Tricia Thompson, a dietician who runs the website Gluten-Free Watchdog, has conducted her own testing of the Nima. She said the sampling map isn’t sufficient enough to detect gluten if there’s been spotty cross-contact or uneven contamination, and she took issue with the distinctions between low- and high-gluten foods.
Nima provides tips to users ended emails and on the company’s website for how to get the most just sample of food that you can. For example, here’s what they recommend for a sever of pizza: “We suggest taking a slice and cutting off a minor bit near the tip of the slice so you can get crust, sauce and toppings in one sample. (Remember — don’t use more than a cumulative pea size sample.) You can take a topping share and drag it around in sauce and other toppings afore you put it into the capsule.” But what if an edge of the pizza came in contact with gluten, but that’s not the side from which you tested? Do you need to test every sever of pizza?
“In addressing the issue of sampling more broadly, hot spots are very common in both restaurant and packaged foods,” Yates said. “One cracker distinguished be gluten-free, while the next box might have contamination. French fries might be fried in a dedicated gluten-free fryer, but there could be contamination from the ketchup bottle on the improper. No test can guarantee that every future box or dish will be gluten-free, which underscores the very real need for consumers to have tools like Nima they can use on an on-going basis in the real world.”
And Yates agrees that gluten contaminants could get into a Nima sample, but “if a crumb on a countertop gets into a packaged food, that crumb can also get into a person’s mouth,” she said.

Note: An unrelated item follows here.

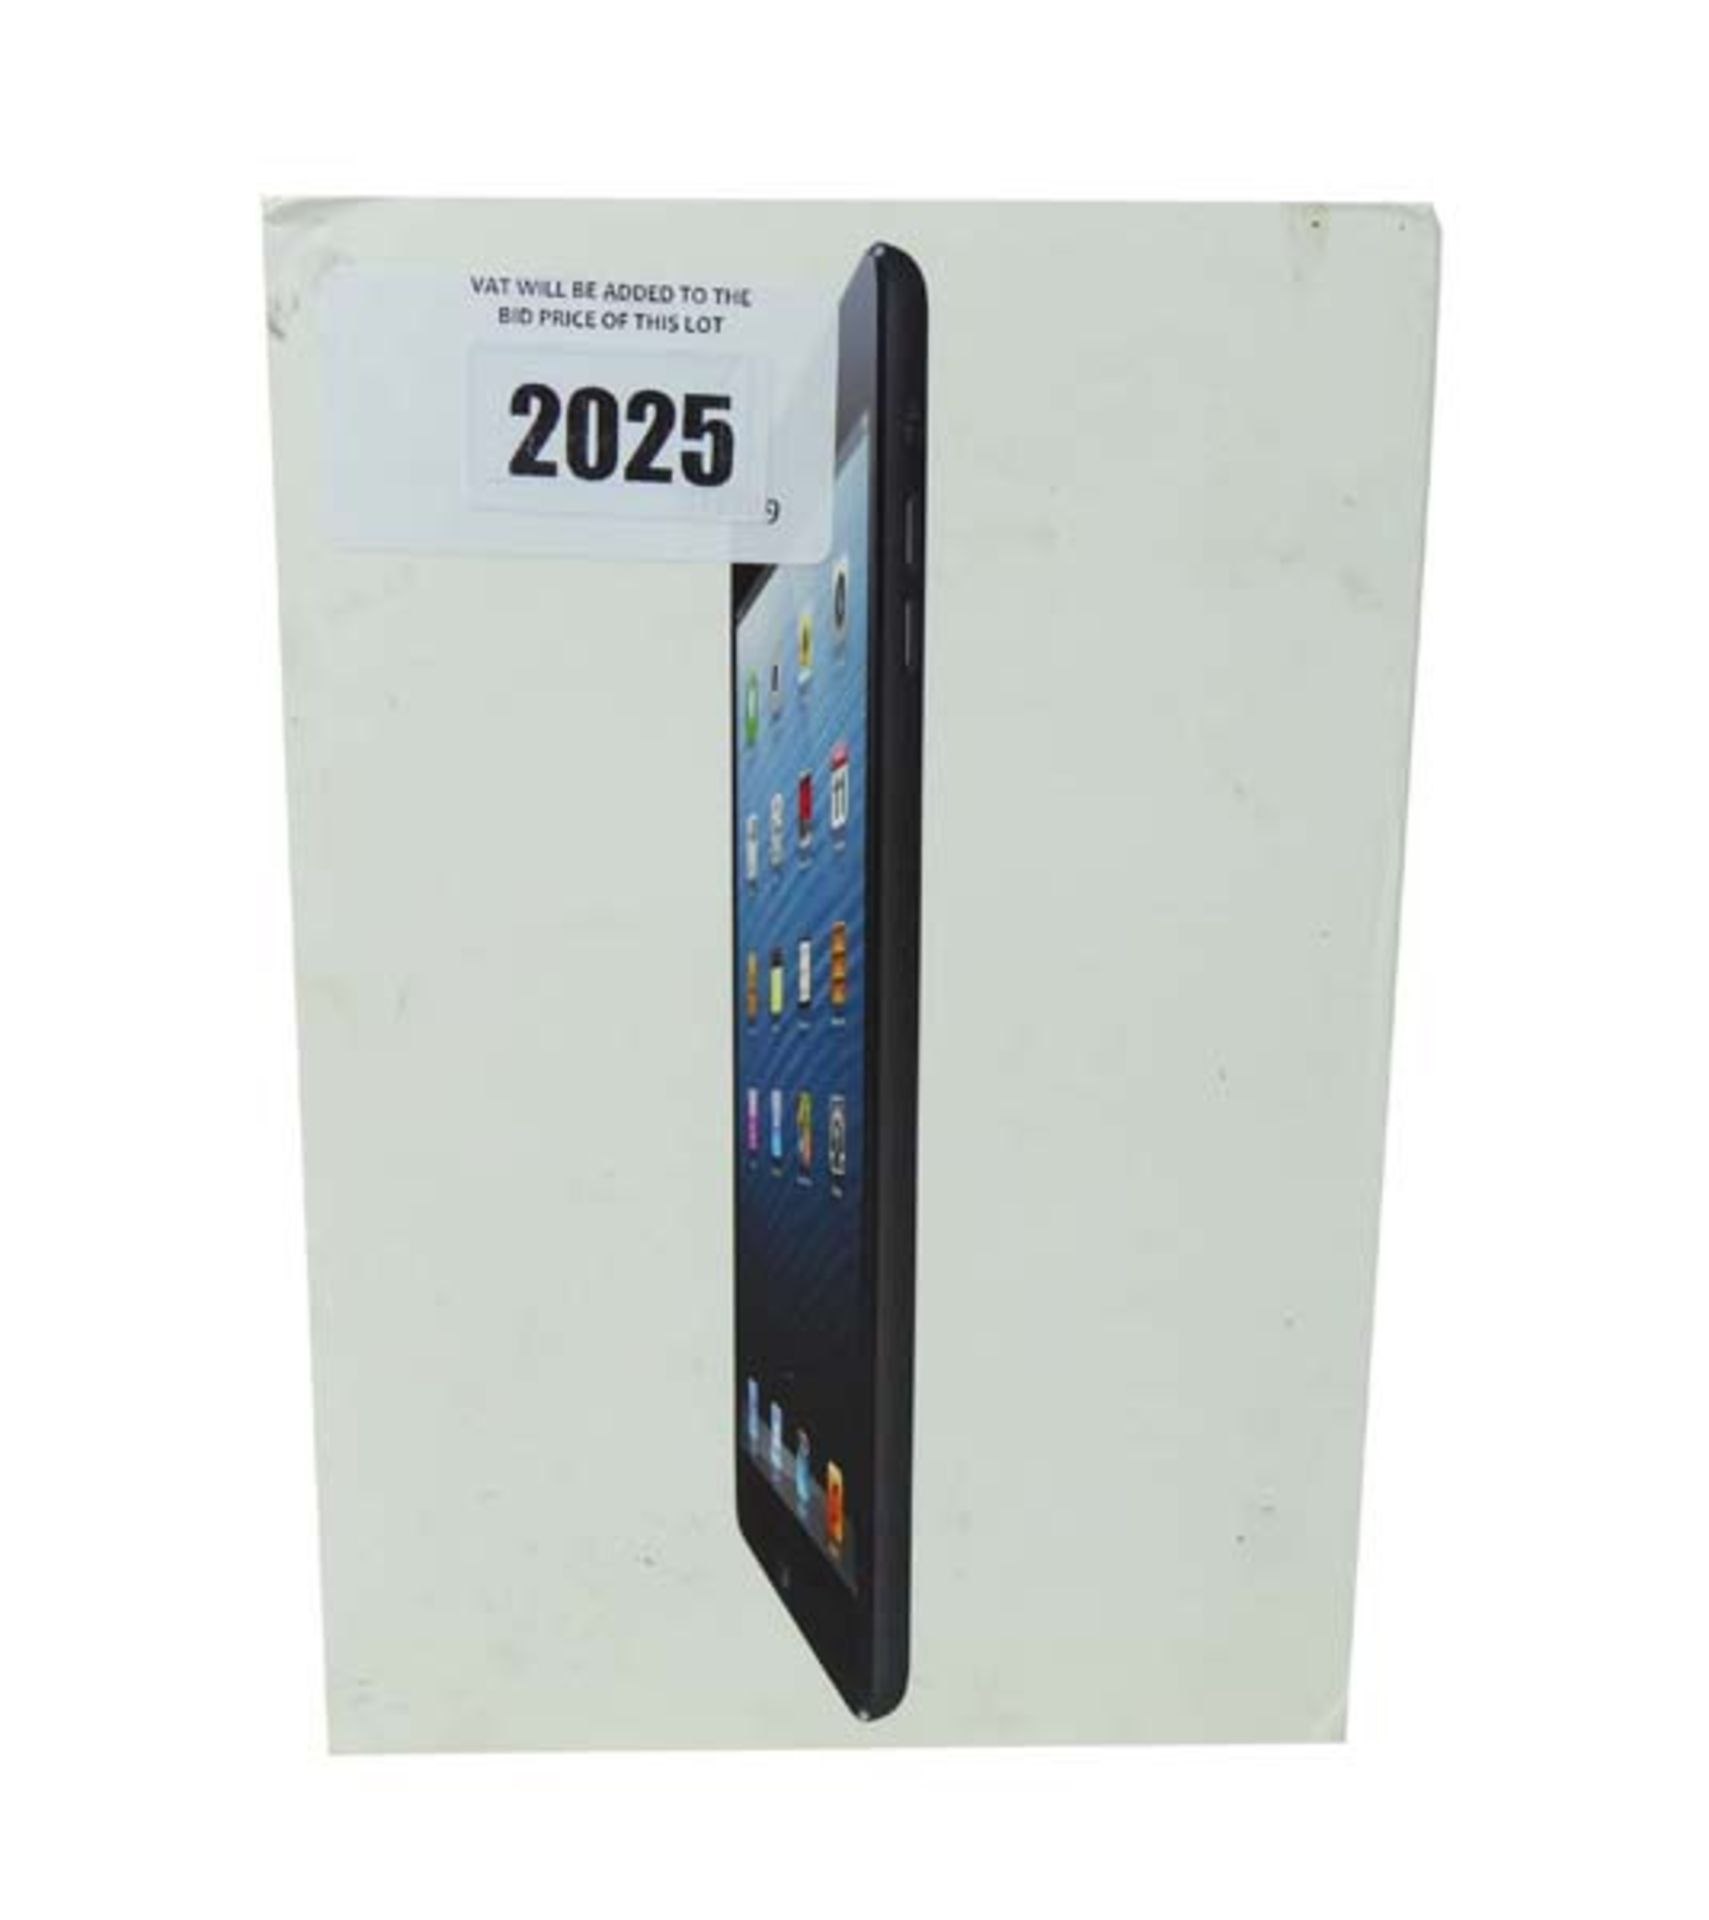 iPad Mini 32GB Black tablet with box (A1432 2012) - Image 3 of 3

“We are giving demand to the person about the food in front of them,” Yates said. “Nima is not planned to attack brands or restaurants — it’s simply giving republic the power to avoid the foods they want to avoid.”
Bock agrees. Rather than feeling paranoid, she said she’s less skittish when she goes out to eat or tries a new packaged product.
“It scholarships me a little bit of a peace of mind,” Bock said. “It’s like my minor gluten detector that makes me feel better.”
Though they had different opinions throughout the Nima, Ehlers and Bock agreed that folks with celiac disease or gluten sensitivities need to have more than one map to determine if their food has gluten, and the pleasurable step should always be to read the ingredients. Ehlers double-checks a product’s gluten-free effect on its website, where ingredients are likely to be updated faster than on a box. Bock uses an app to scan barcodes and access info throughout whether or not that food has gluten.
“It’s a lot of approved sense and research,” Bock said. “And Google is amazing.”